🤖 AI Summary
This paper studies the two-stage sampling setting in distribution regression, where input distributions are accessible only via finite samples, aiming to strengthen learning-theoretic guarantees for kernel methods. Within the Hilbert space embedding framework, we introduce the “nearly unbiased embedding” condition—a novel regularity assumption—enabling the first tight two-stage sampling error bounds for optimal transport distance, mean embeddings, and a broad class of kernel functions, with strictly improved convergence rates. Our theoretical analysis integrates functional analysis and statistical learning theory, yielding optimal-order convergence rates that surpass existing results. Numerical experiments validate both the accuracy and practical relevance of our theoretical predictions. The key innovation lies in decoupling embedding bias control from sampling error analysis, thereby establishing the first unified, general, and tight theoretical framework for distribution regression.
📝 Abstract
The distribution regression problem encompasses many important statistics and machine learning tasks, and arises in a large range of applications.
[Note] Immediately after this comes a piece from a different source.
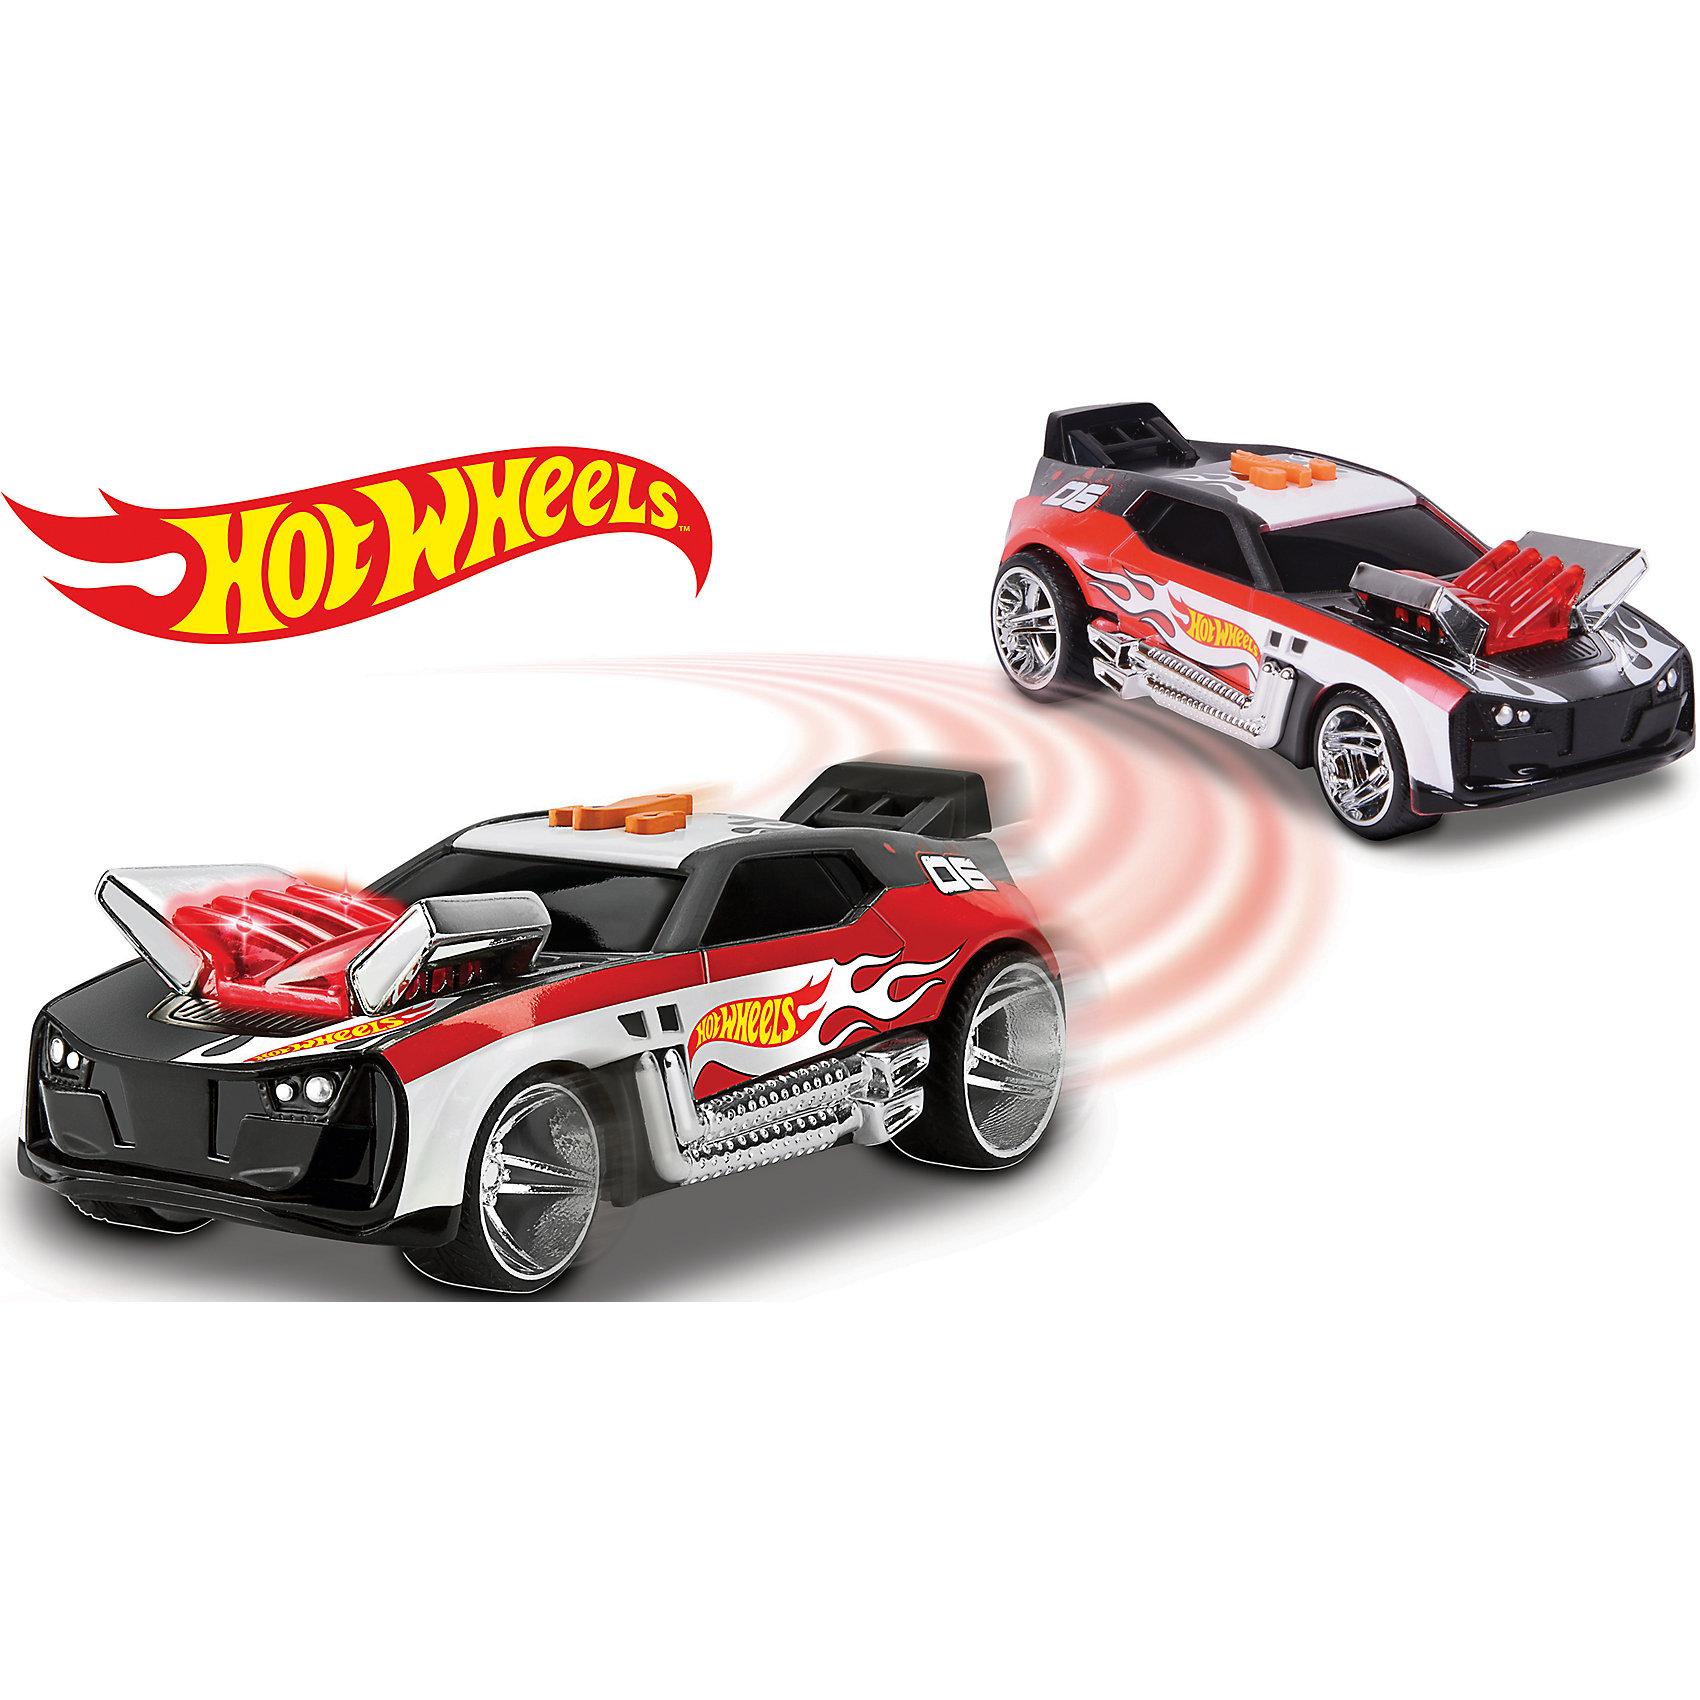 Машинка на батарейках, красная, 17 см, Hot WheelsМашинки<br>Машинка Хот Вилс электромеханическая, на батарейках, свет+звук.<br><br>Характеристики гоночной машинки Hot Wheels:<br><br>• световые эффекты: мигающие лампочки;<br>• звуковые эффекты: работающий мотор, лязг шин;<br>• функциональность модели: стремительный старт, разворот с остановкой;<br>• электронная модель: работает от батареек;<br>• длина машинки: 17 см;<br>• батарейки входят в комплект: 3 шт. типа ААА;<br>• размер упаковки: 23х11х12 см;<br>• вес упаковки: 318 г.<br><br>Скоростные гонки, жажда скорости, молниеносный старт – гоночные машинки Hot Wheels порадуют мальчишек турбодвигателем с электромеханической подвеской. <br><br>Машинку на батарейках, красную, 17 см, Hot Wheels можно купить в нашем интернет-магазине.<br><br>Ширина мм: 230<br>Глубина мм: 120<br>Высота мм: 110<br>Вес г: 348<br>Возраст от месяцев: 36<br>Возраст до месяцев: 2147483647<br>Пол: Мужской<br>Возраст: Детский<br>SKU: 5066698

Among various existing approaches to tackle this problem, kernel methods have become a method of choice. Indeed, kernel distribution regression is both computationally favorable, and supported by a recent learning theory. This theory also tackles the two-stage sampling setting, where only samples from the input distributions are available. In this paper, we improve the learning theory of kernel distribution regression. We address kernels based on Hilbertian embeddings, that encompass most, if not all, of the existing approaches. We introduce the novel near-unbiased condition on the Hilbertian embeddings, that enables us to provide new error bounds on the effect of the two-stage sampling, thanks to a new analysis. We show that this near-unbiased condition holds for three important classes of kernels, based on optimal transport and mean embedding. As a consequence, we strictly improve the existing convergence rates for these kernels. Our setting and results are illustrated by numerical experiments.